**WHAT IS REQUIRED:**
Reproduce exactly the lines from the one containing "Floral Jacquard Fit" through the end of the listing, minus the pictures.

**DATA PROVIDED:**
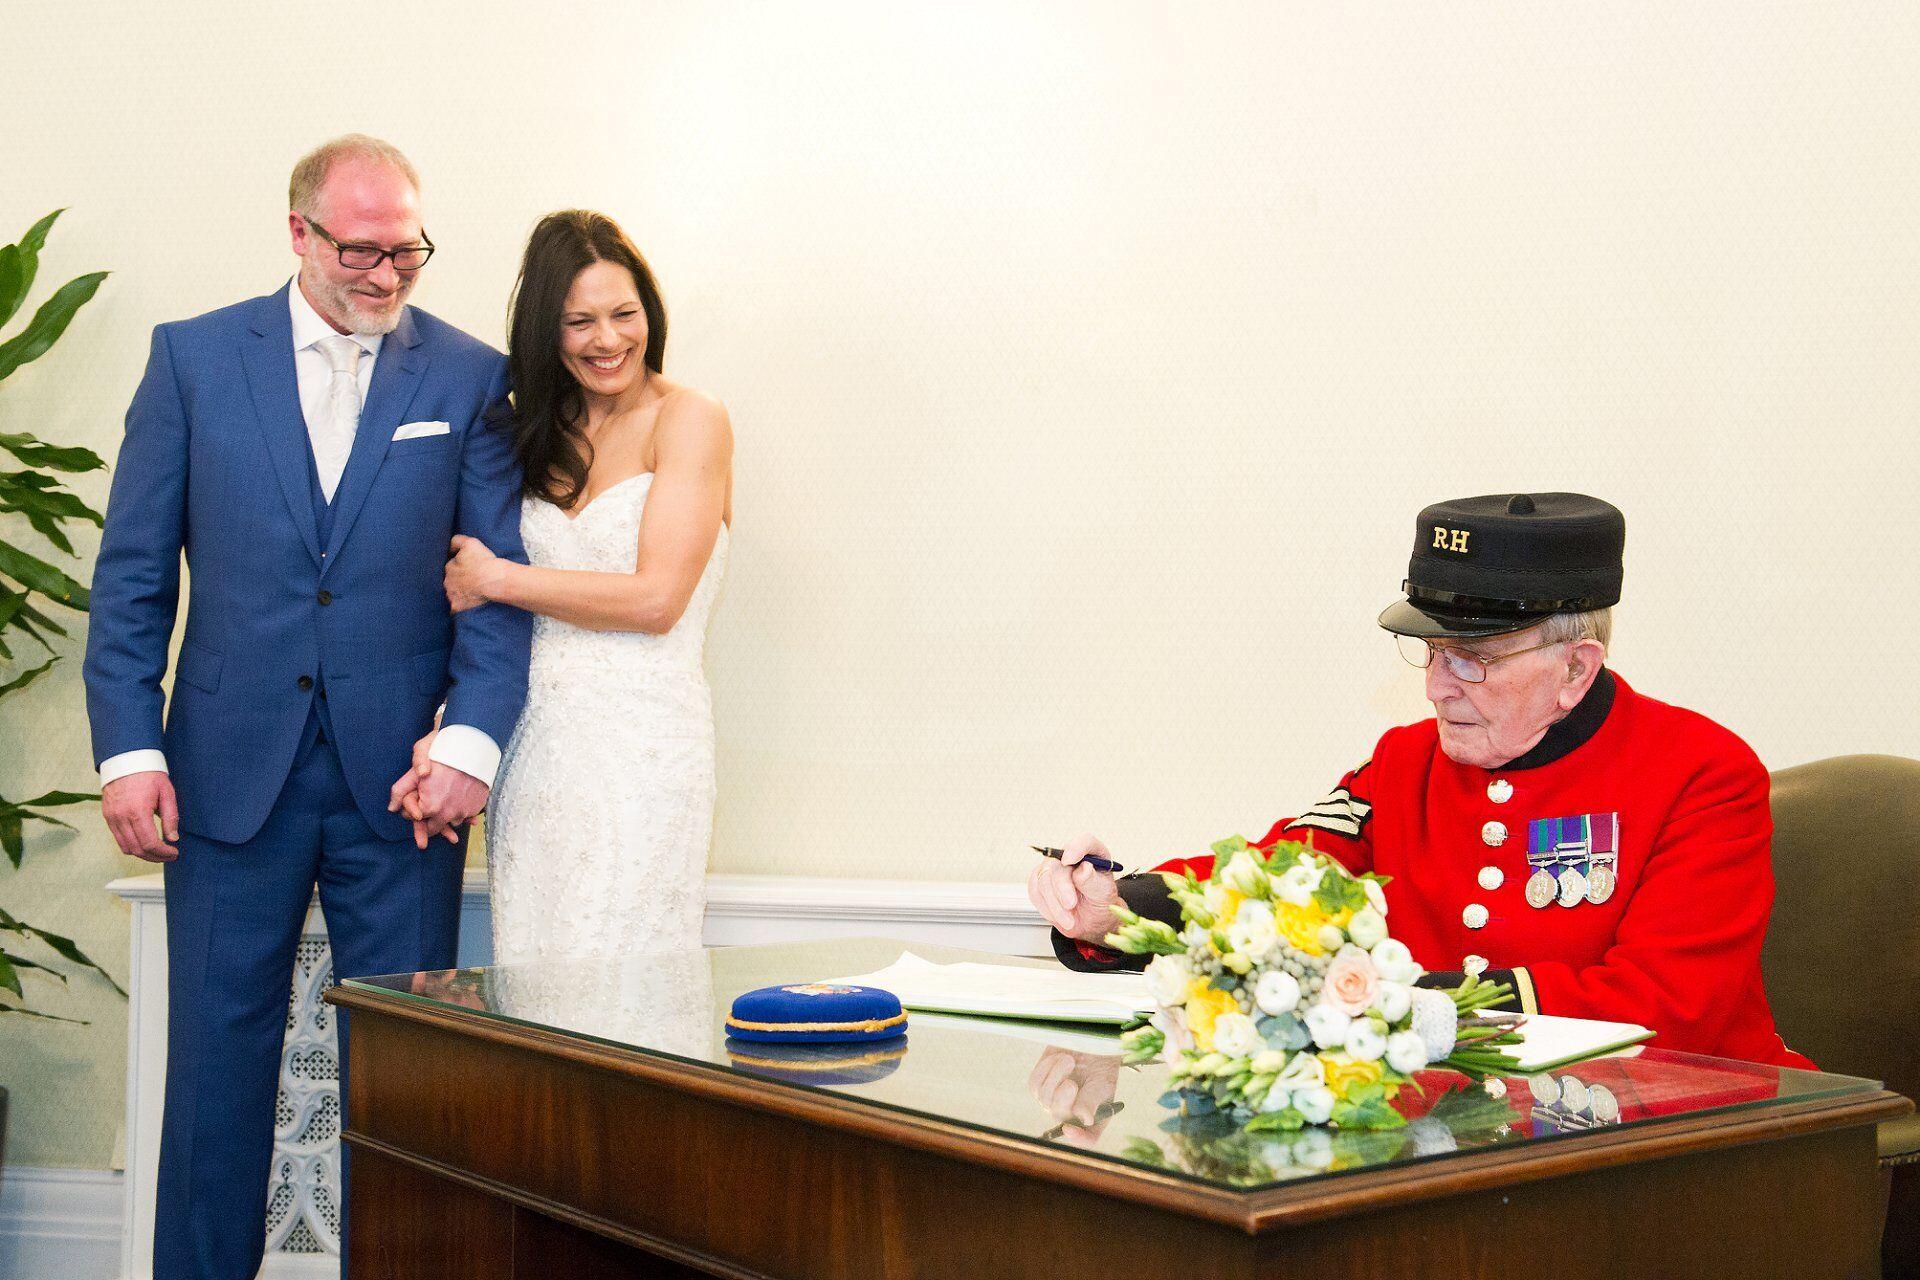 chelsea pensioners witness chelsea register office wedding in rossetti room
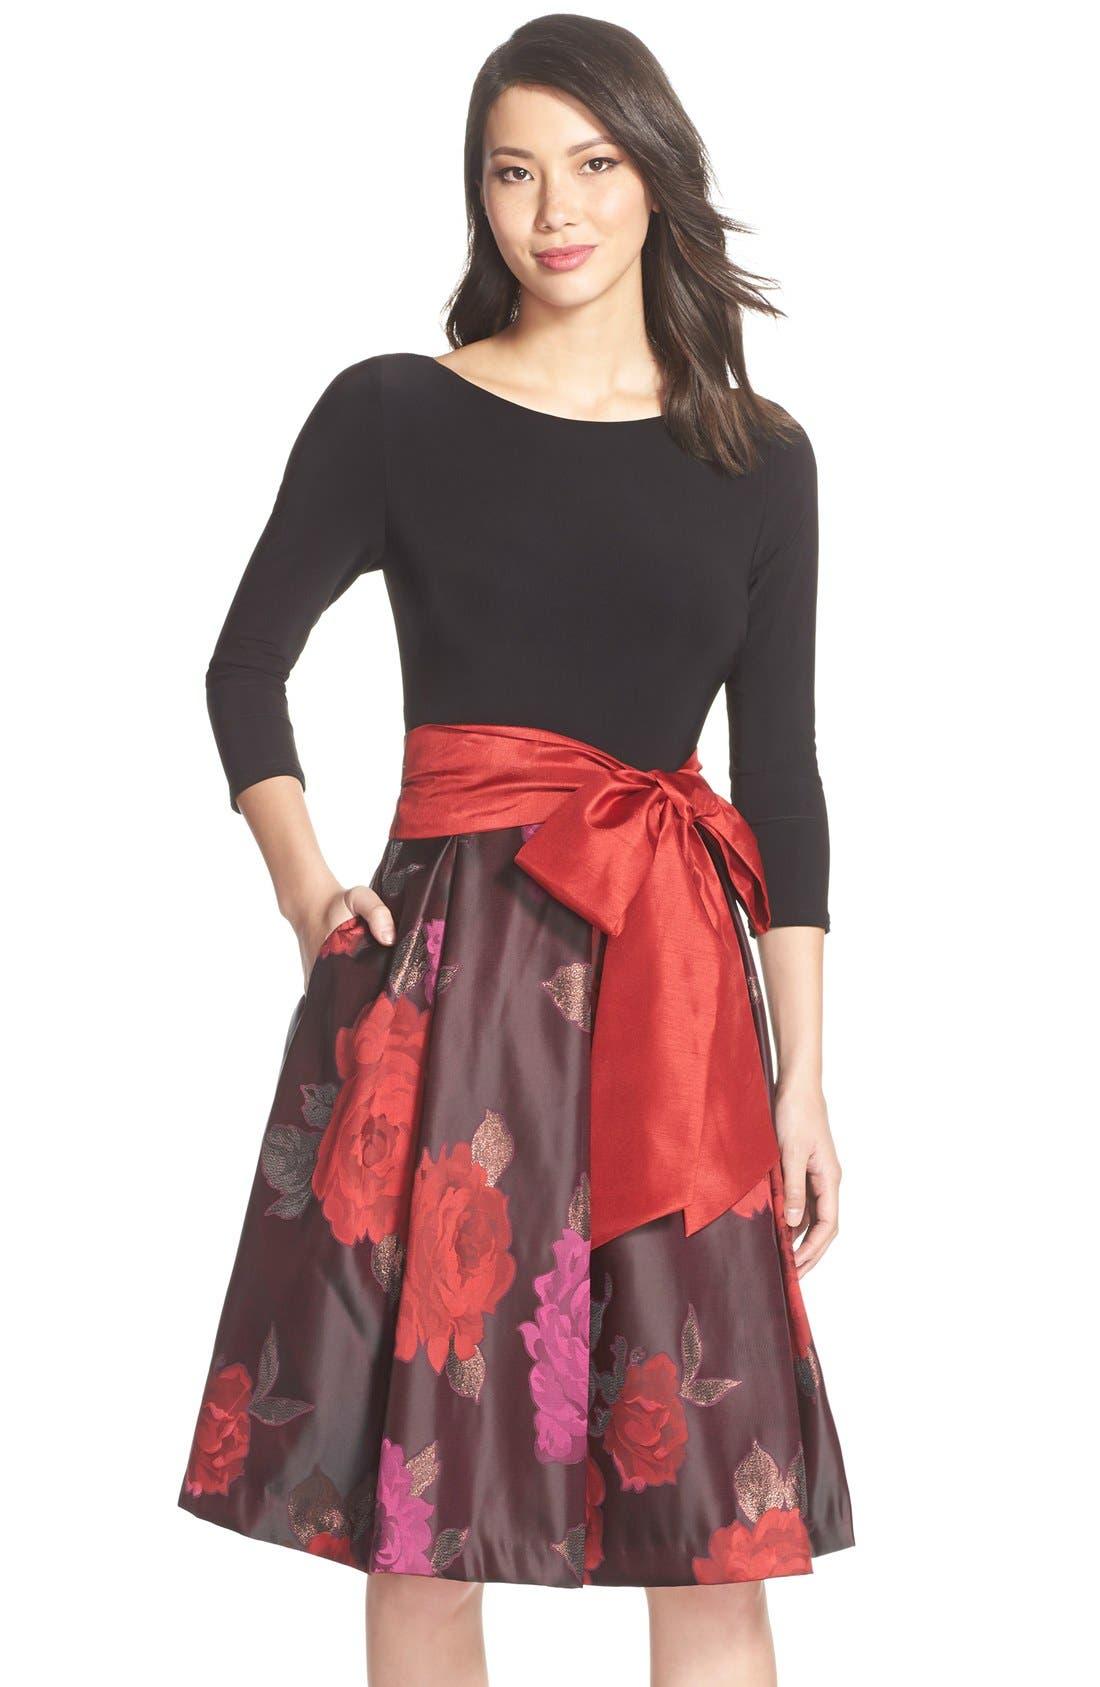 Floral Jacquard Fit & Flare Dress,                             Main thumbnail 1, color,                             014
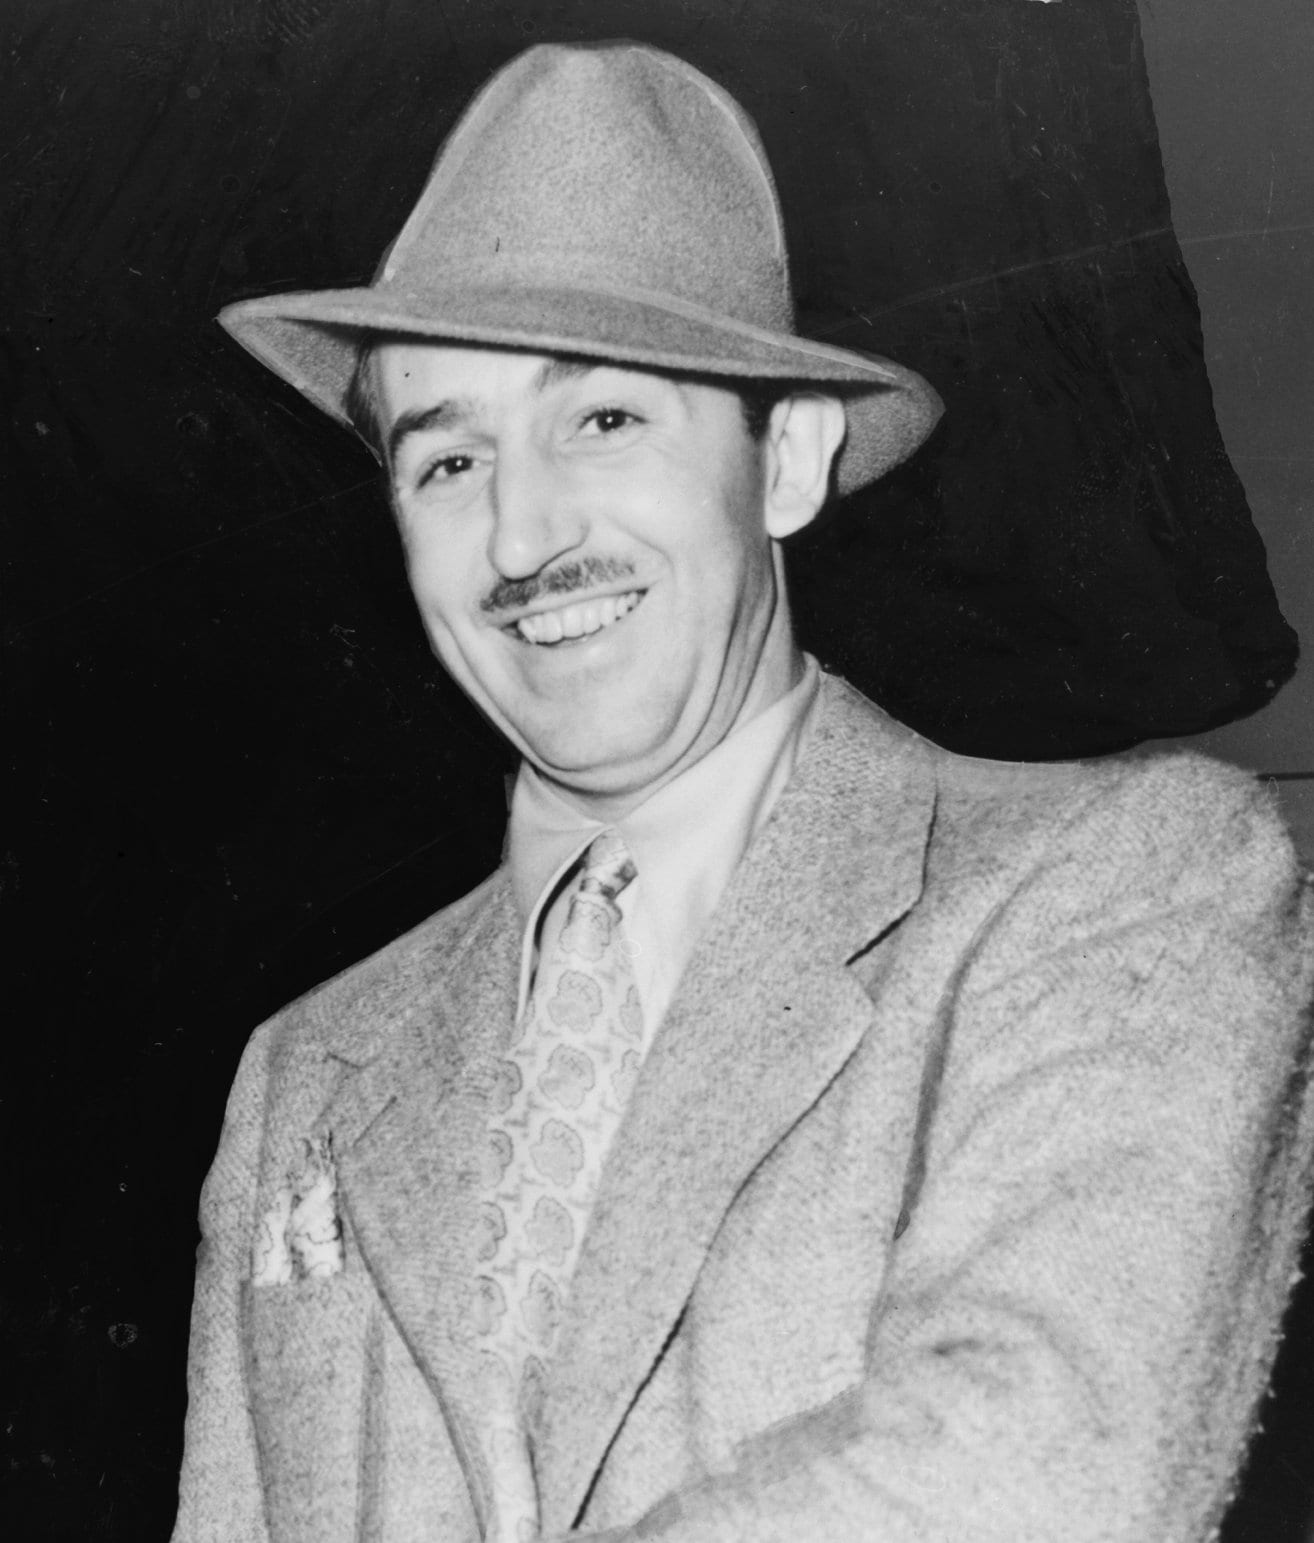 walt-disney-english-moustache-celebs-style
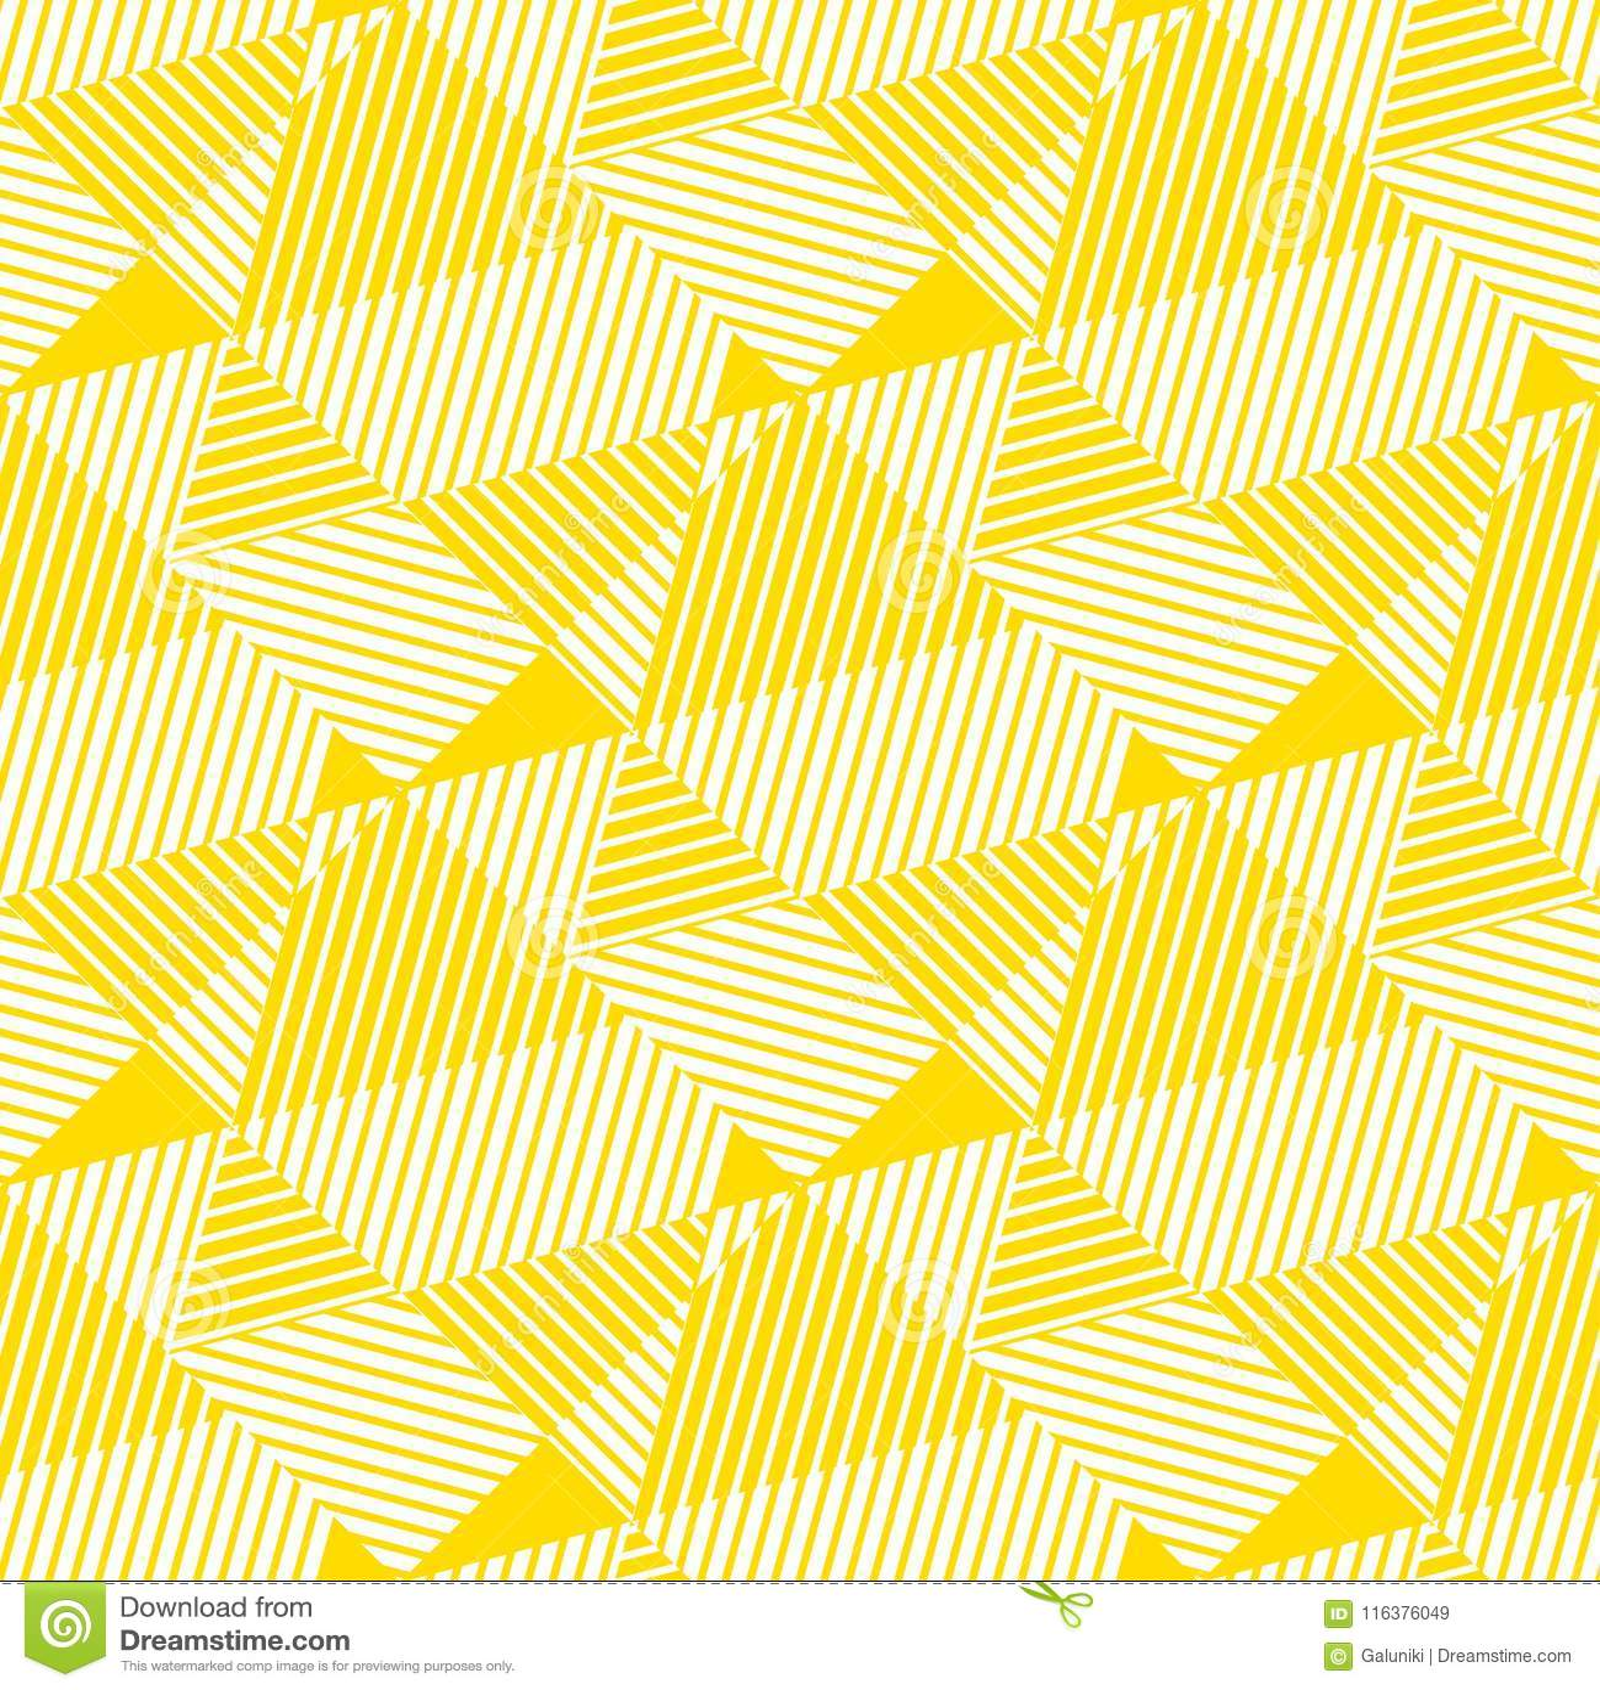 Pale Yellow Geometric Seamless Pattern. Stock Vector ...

**ANSWER BOX:**
 Floral Jacquard Fit & Flare Dress,                             Main thumbnail 1, color,                             014
 walt-disney-english-moustache-celebs-style
 Pale Yellow Geometric Seamless Pattern. Stock Vector ...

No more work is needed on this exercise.